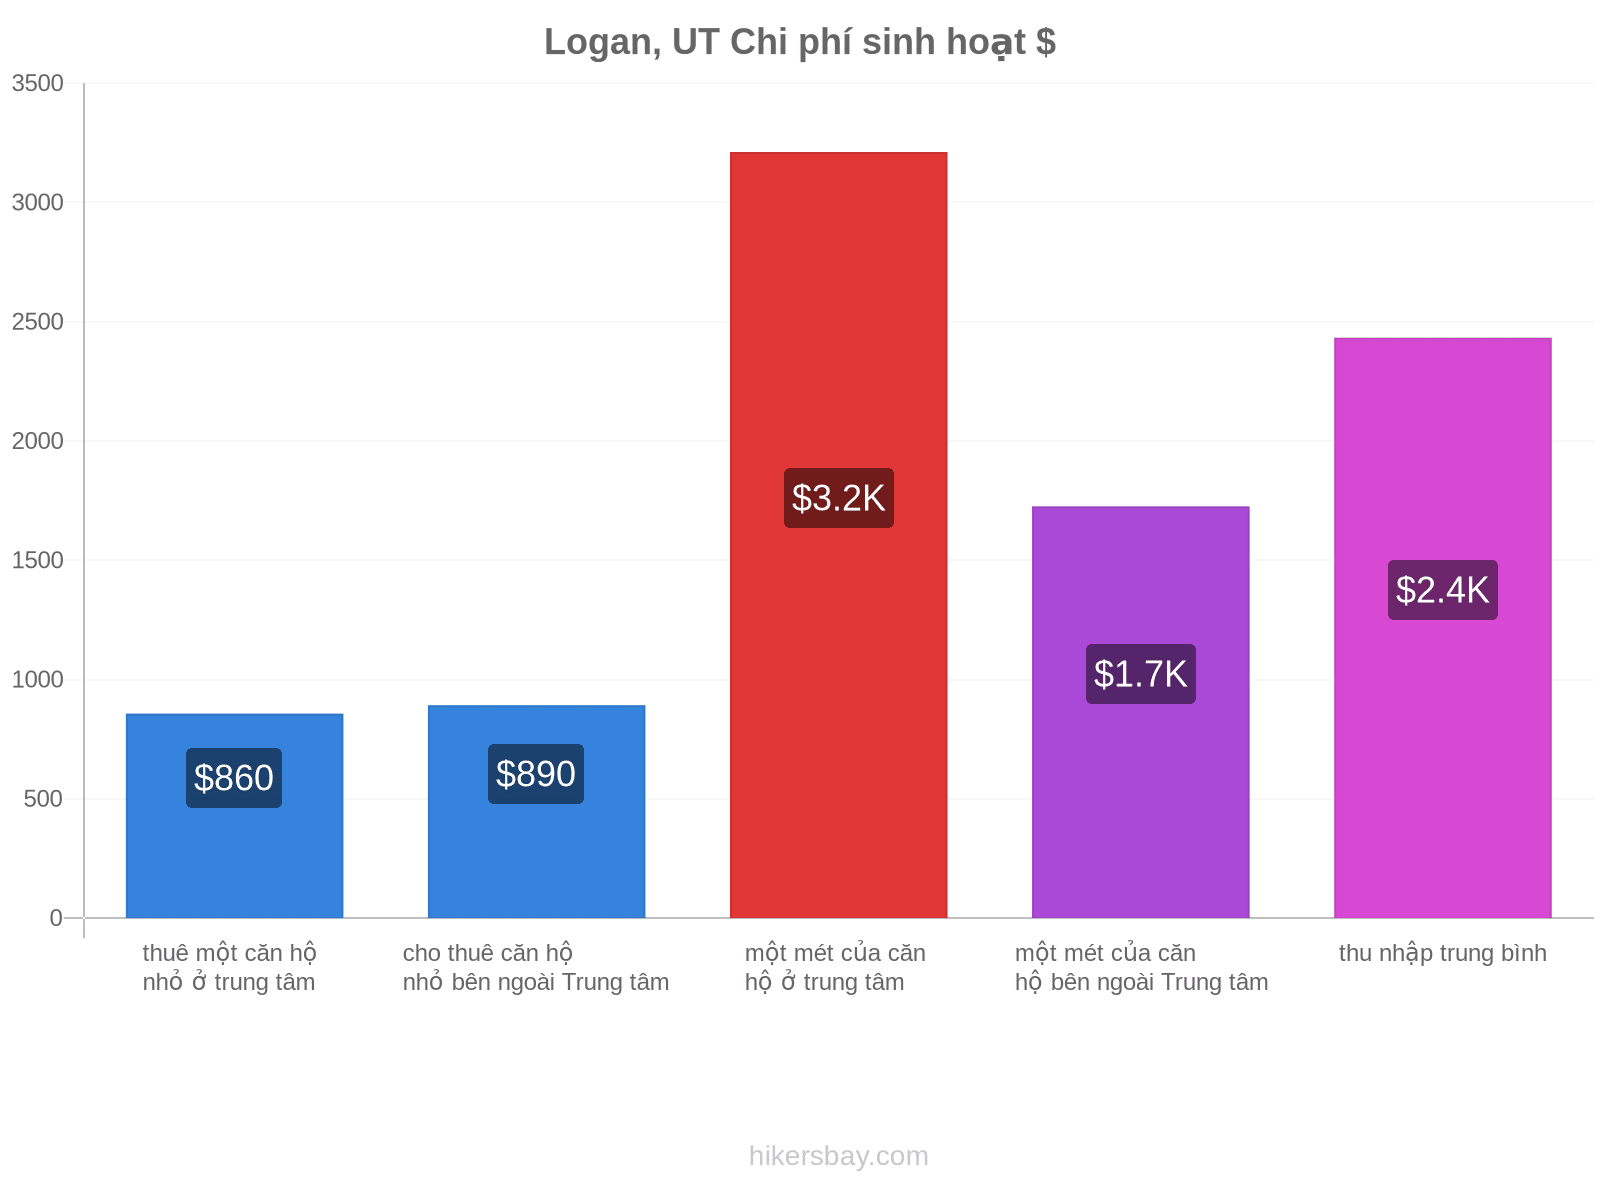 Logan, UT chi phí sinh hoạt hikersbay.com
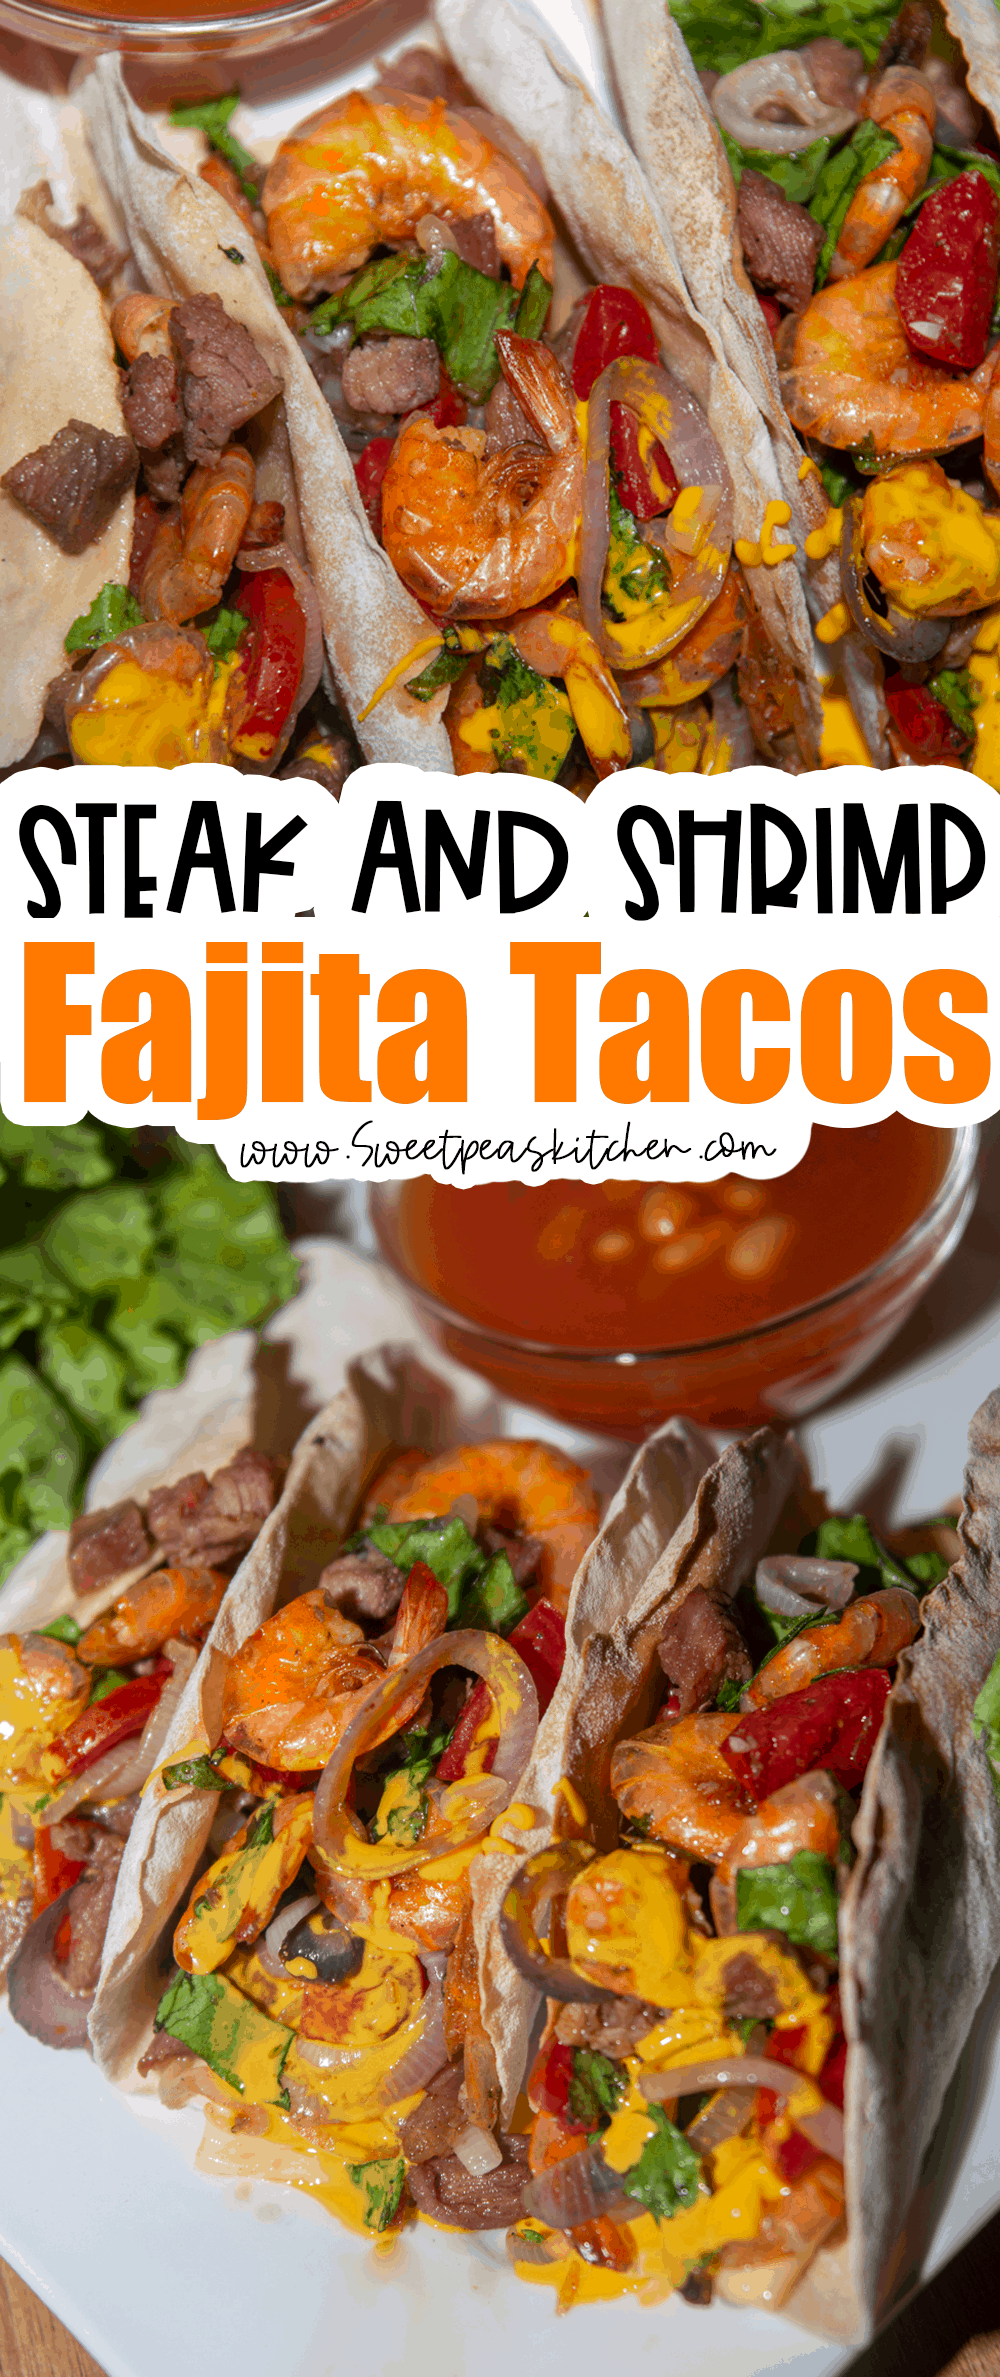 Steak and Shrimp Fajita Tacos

##########

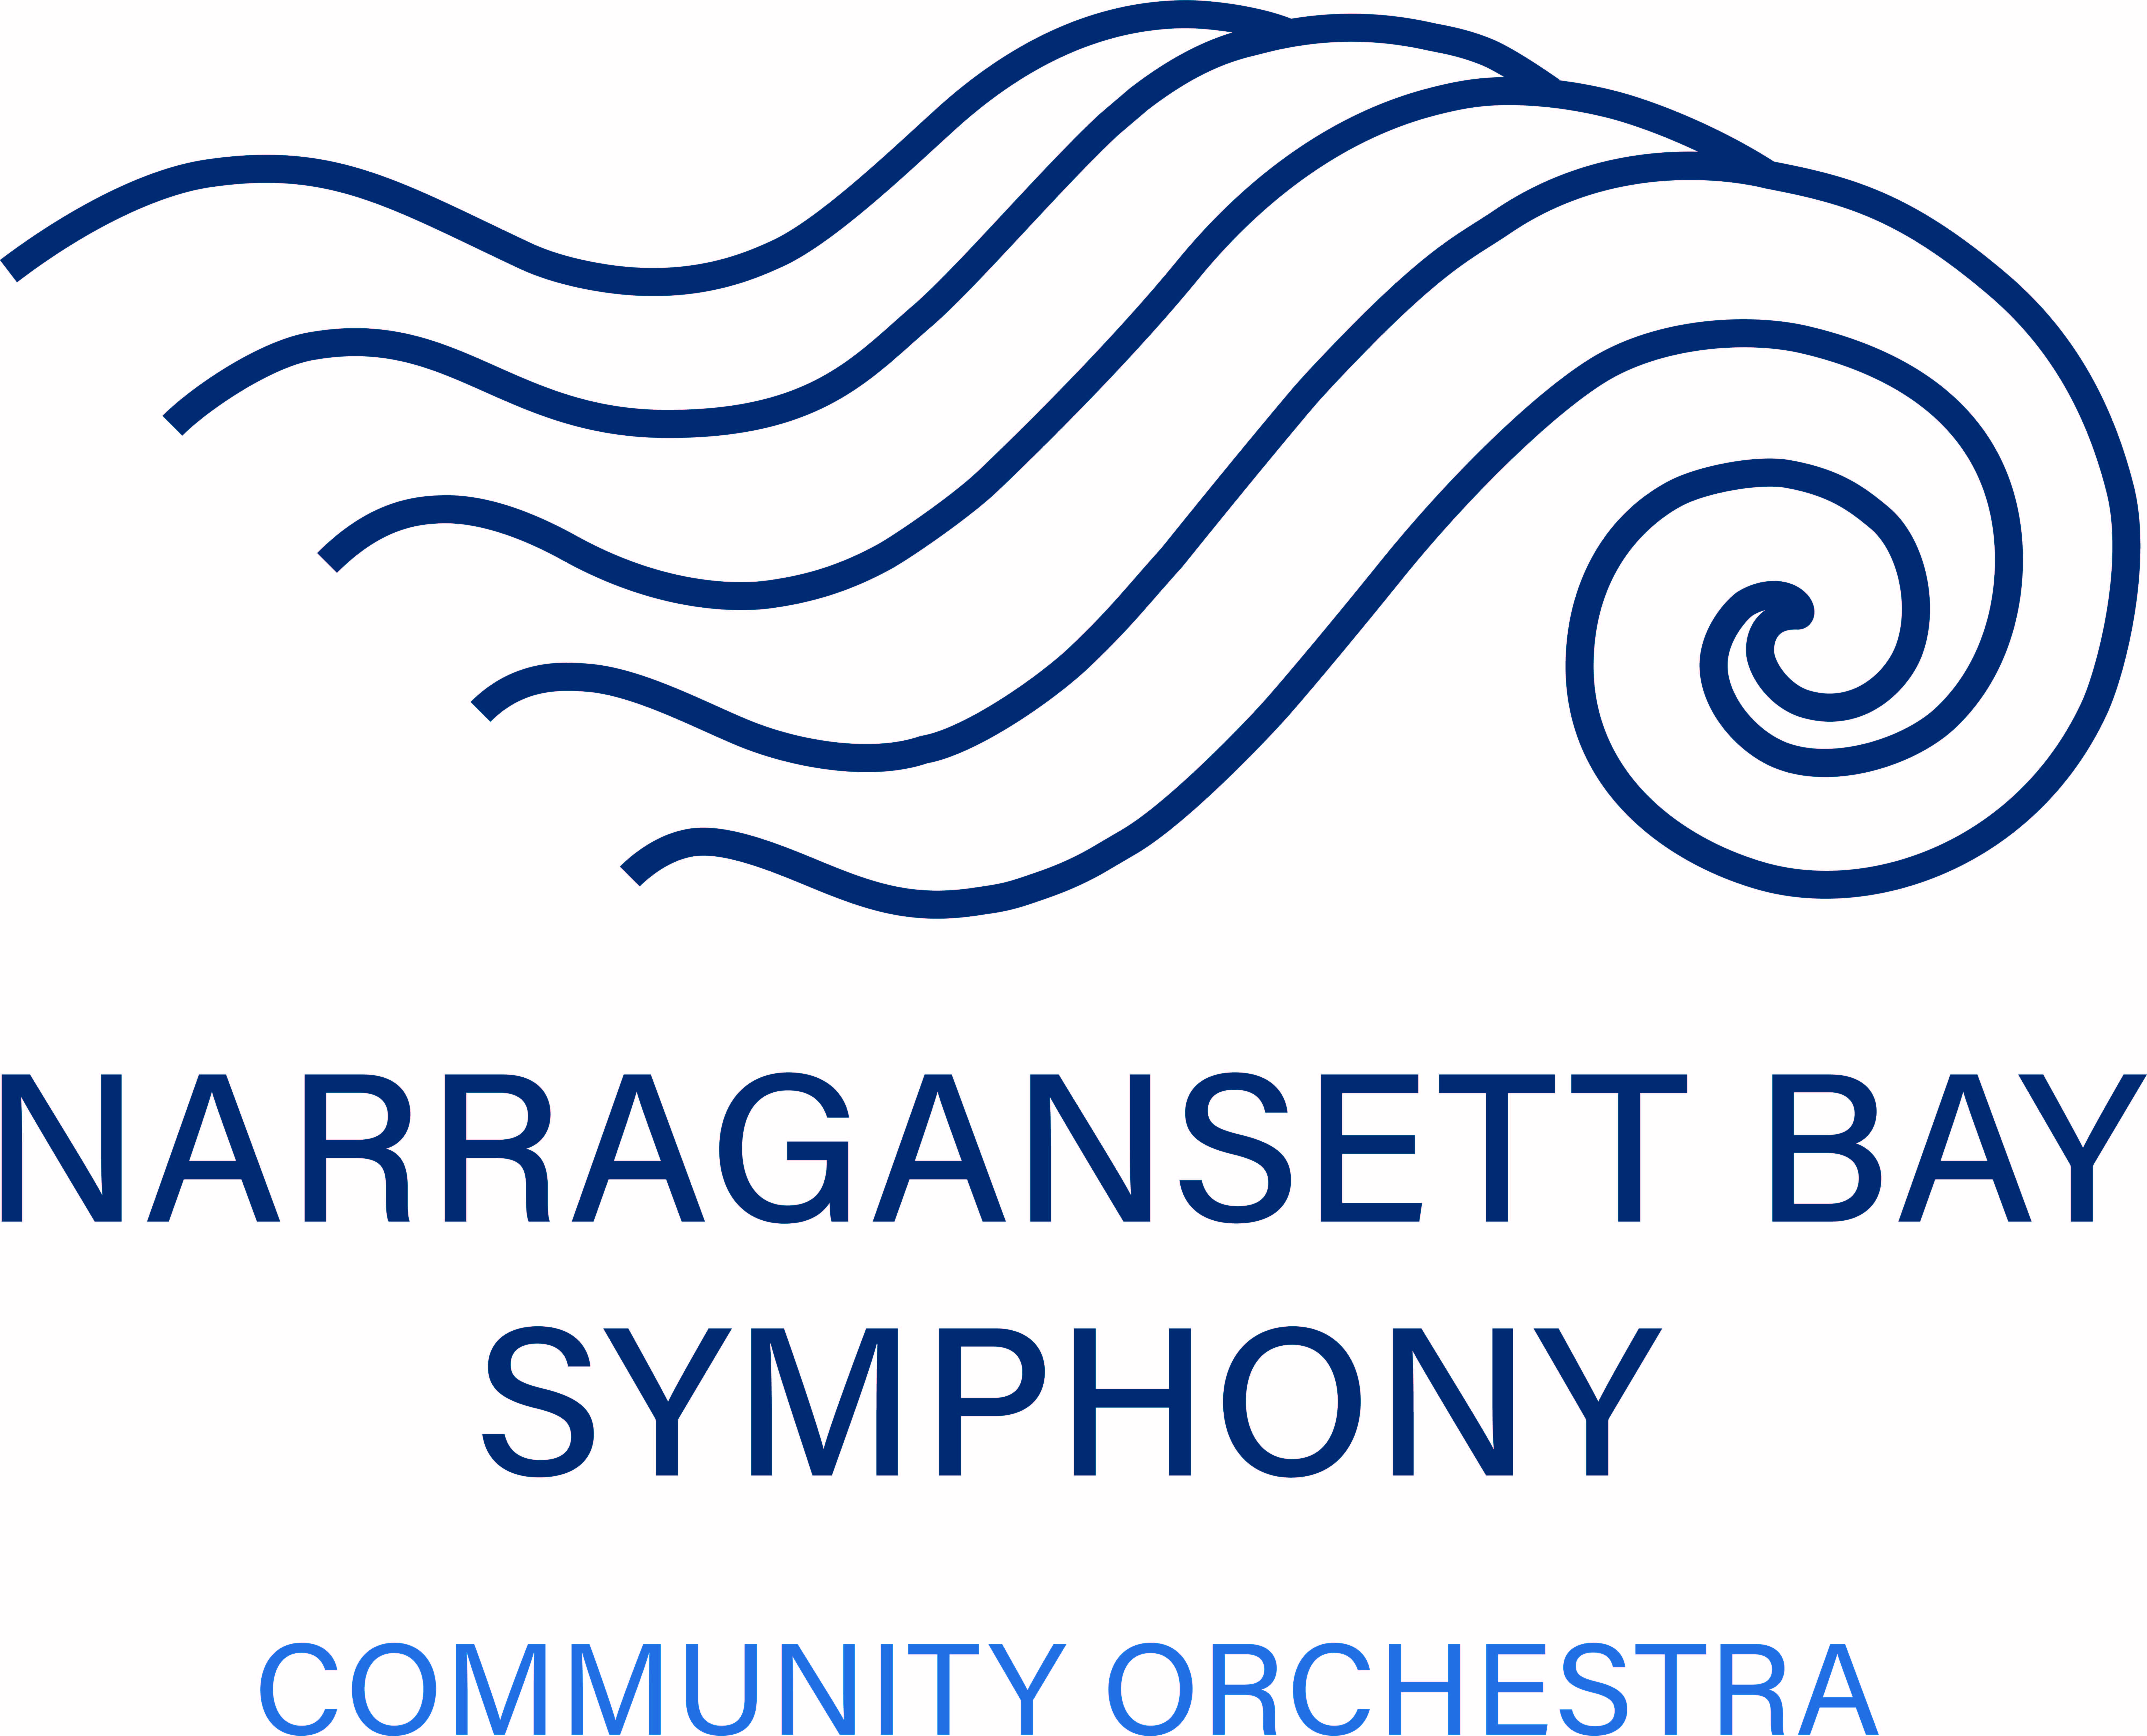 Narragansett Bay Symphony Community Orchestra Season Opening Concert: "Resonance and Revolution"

##########

(What you have to do)
Please print the lines above word for word, starting at the one with "Logan, UT chi phí sinh hoạt hikersbay.com" and ending at the one with "Steak and Shrimp Fajita Tacos", both included, and without any picture.

(Expected answer)
 Logan, UT chi phí sinh hoạt hikersbay.com
 Steak and Shrimp Fajita Tacos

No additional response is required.